- Material to process:
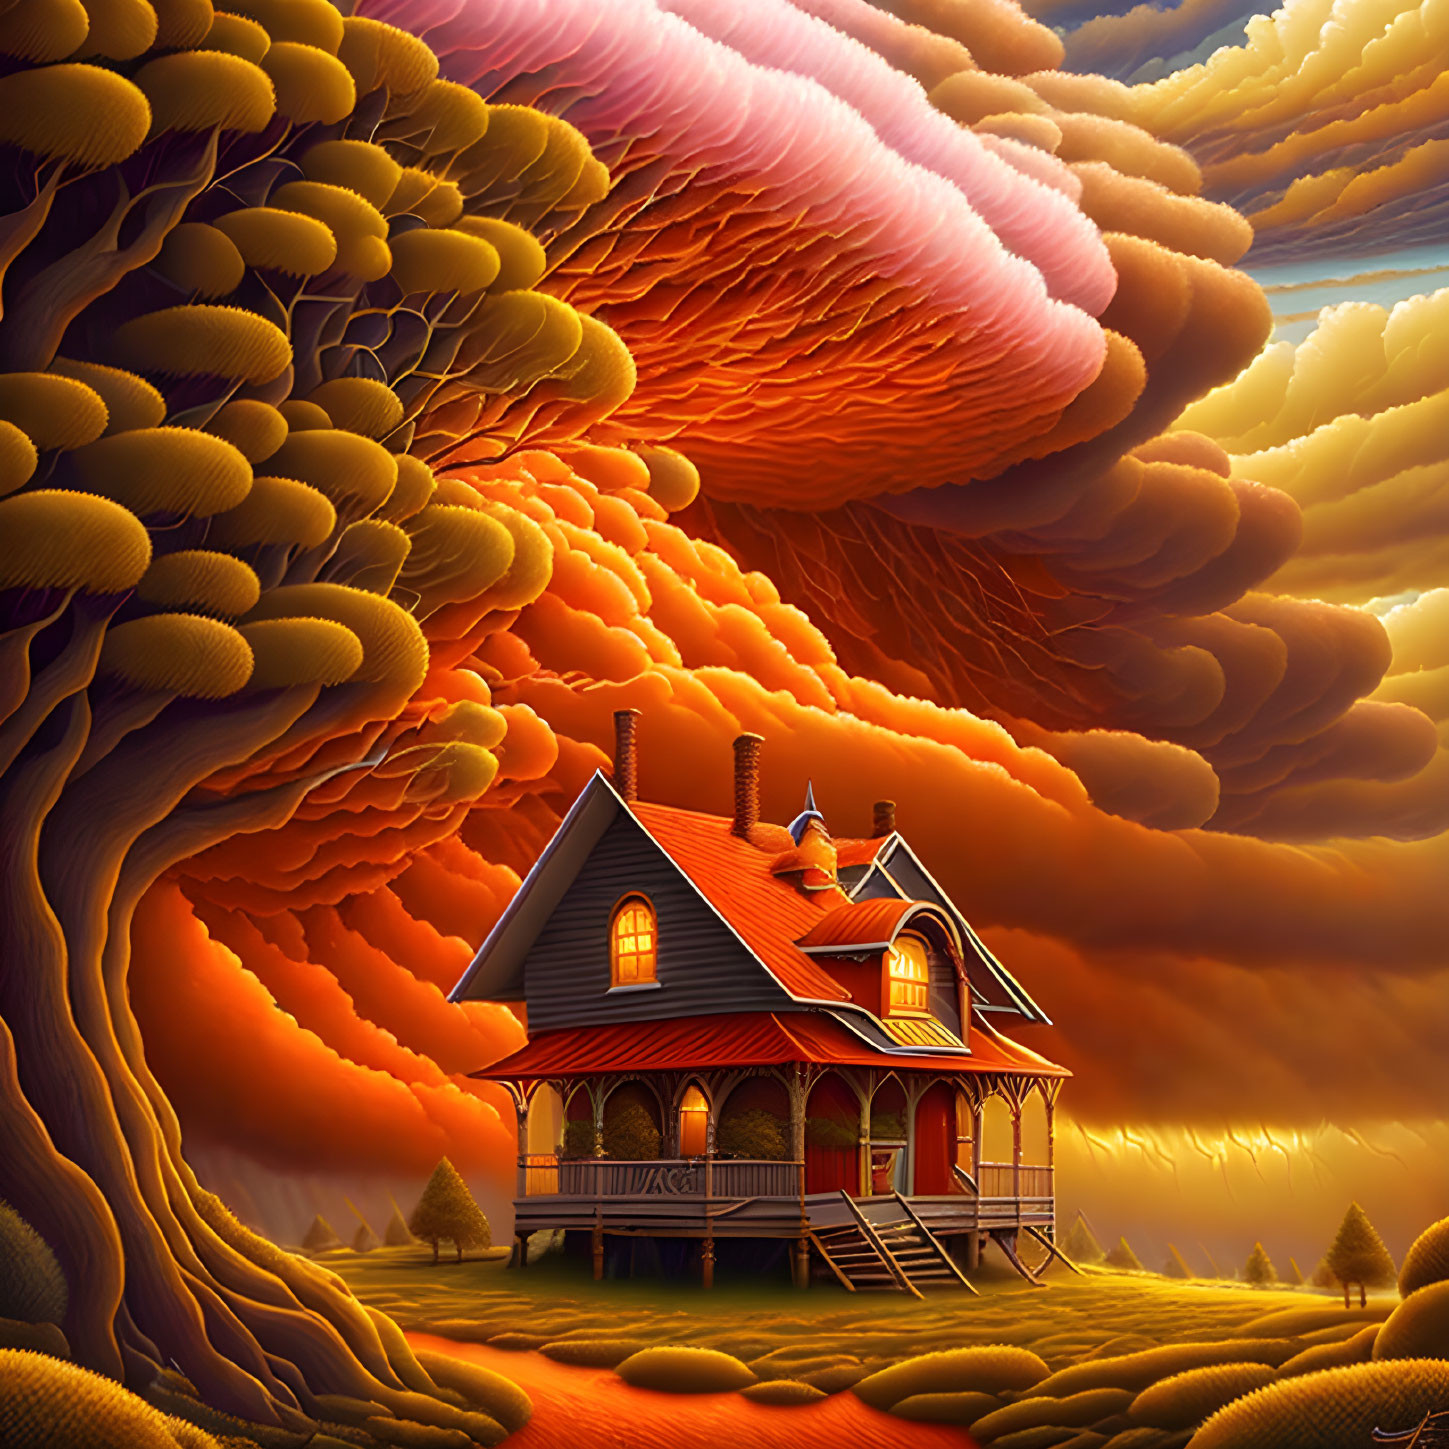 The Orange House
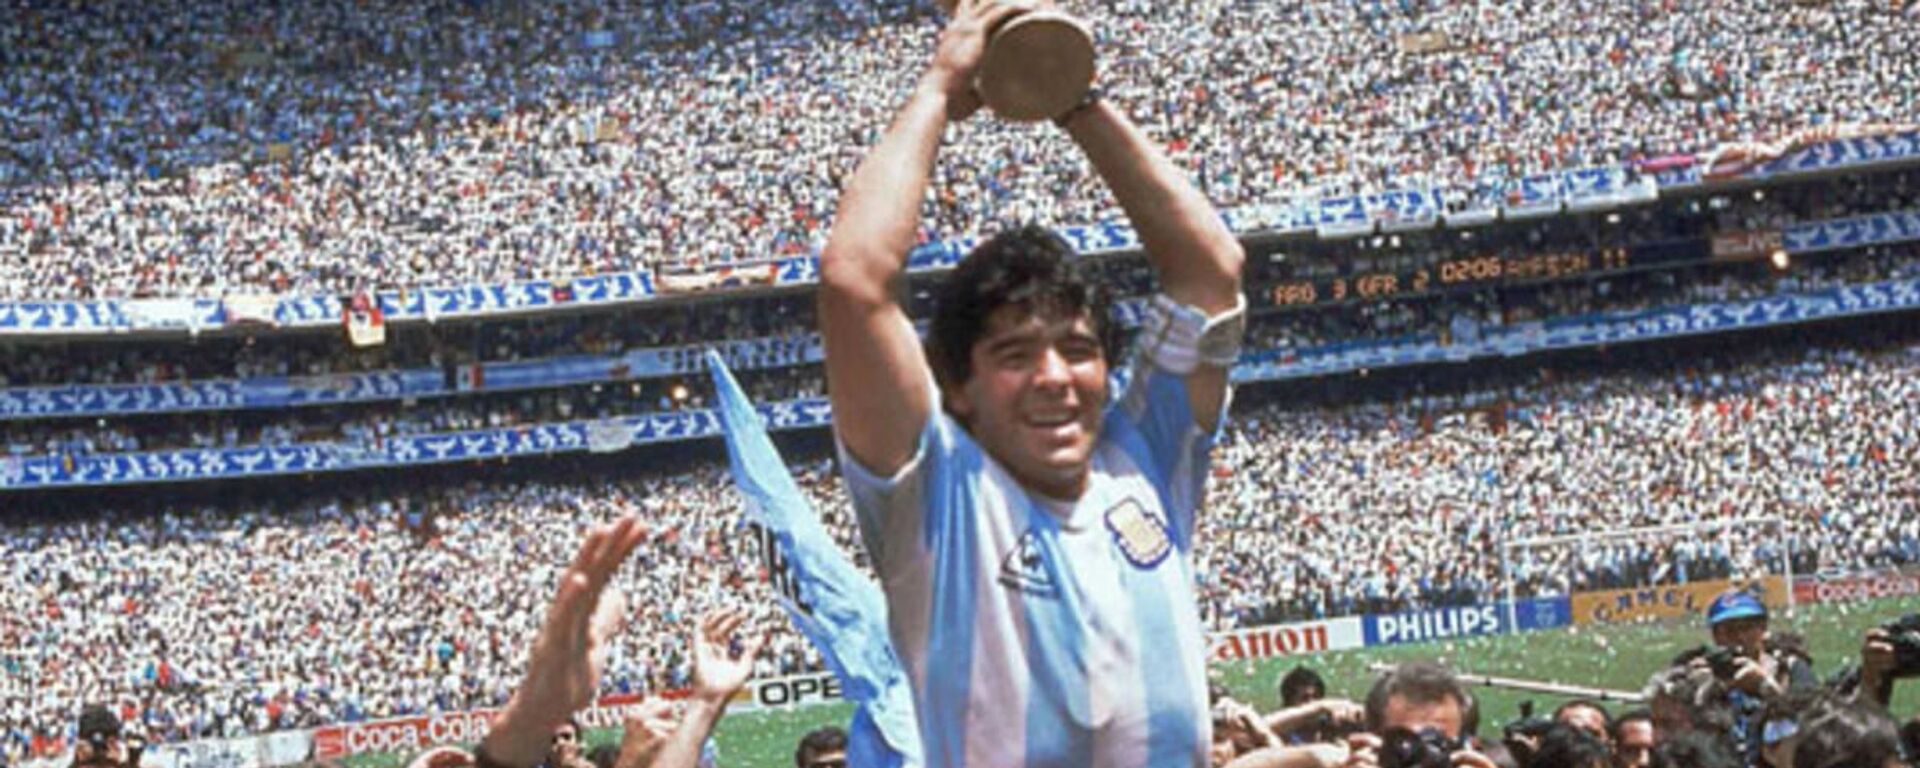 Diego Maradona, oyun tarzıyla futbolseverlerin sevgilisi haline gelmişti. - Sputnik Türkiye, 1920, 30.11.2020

--

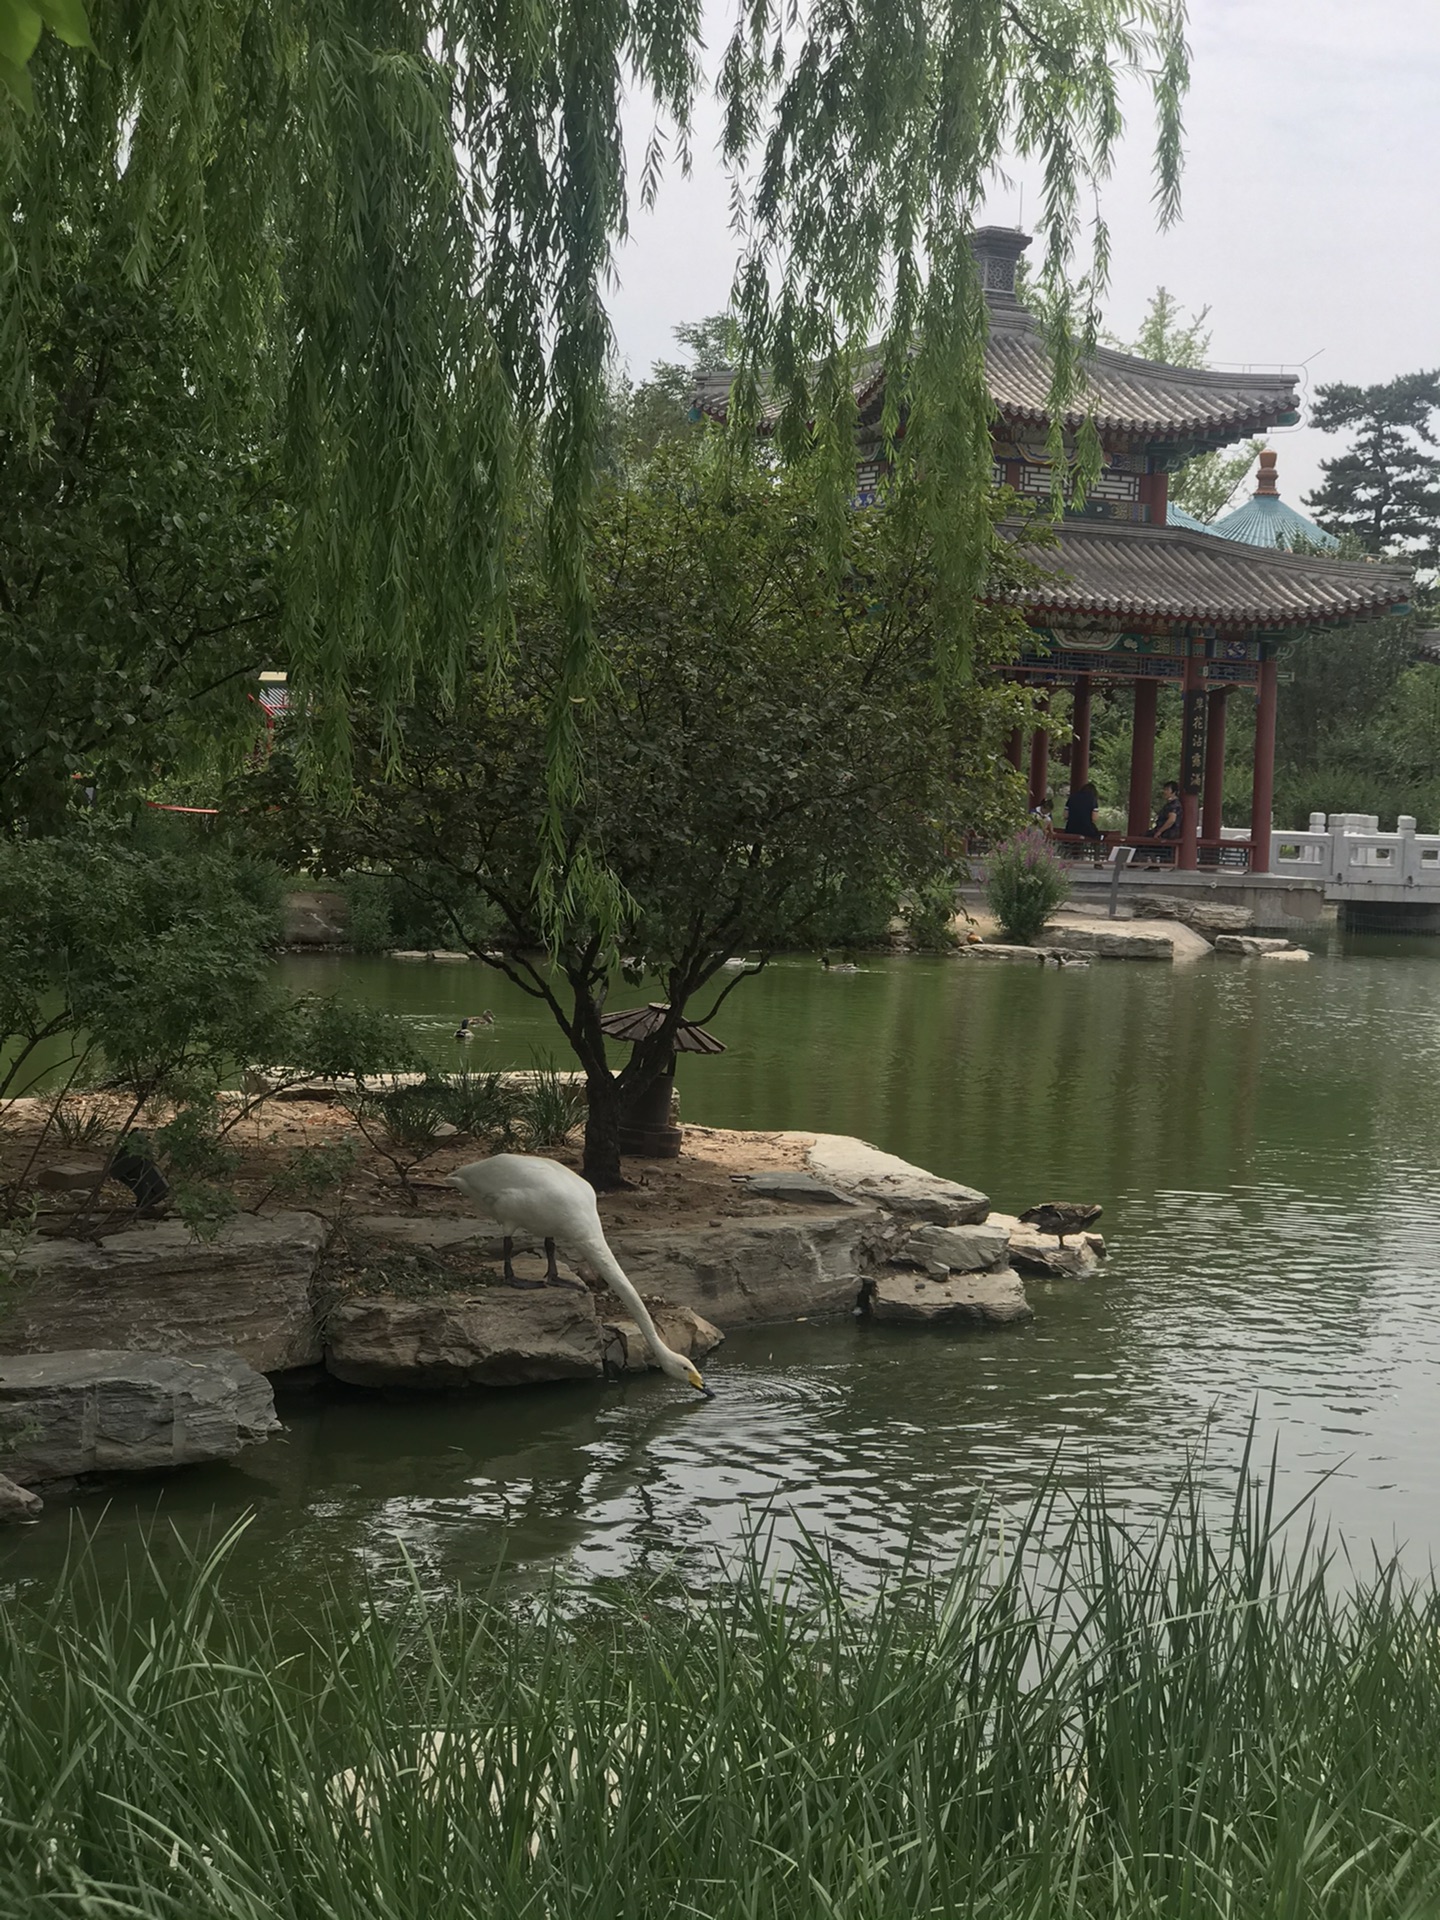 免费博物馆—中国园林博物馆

- What the exercise asks: What is needed is an exact copy of the lines above, from the one holding "The Orange House" down to the one holding "Diego Maradona, oyun", with those two included and the pictures left out.

- Task response:
 The Orange House
 Diego Maradona, oyun tarzıyla futbolseverlerin sevgilisi haline gelmişti. - Sputnik Türkiye, 1920, 30.11.2020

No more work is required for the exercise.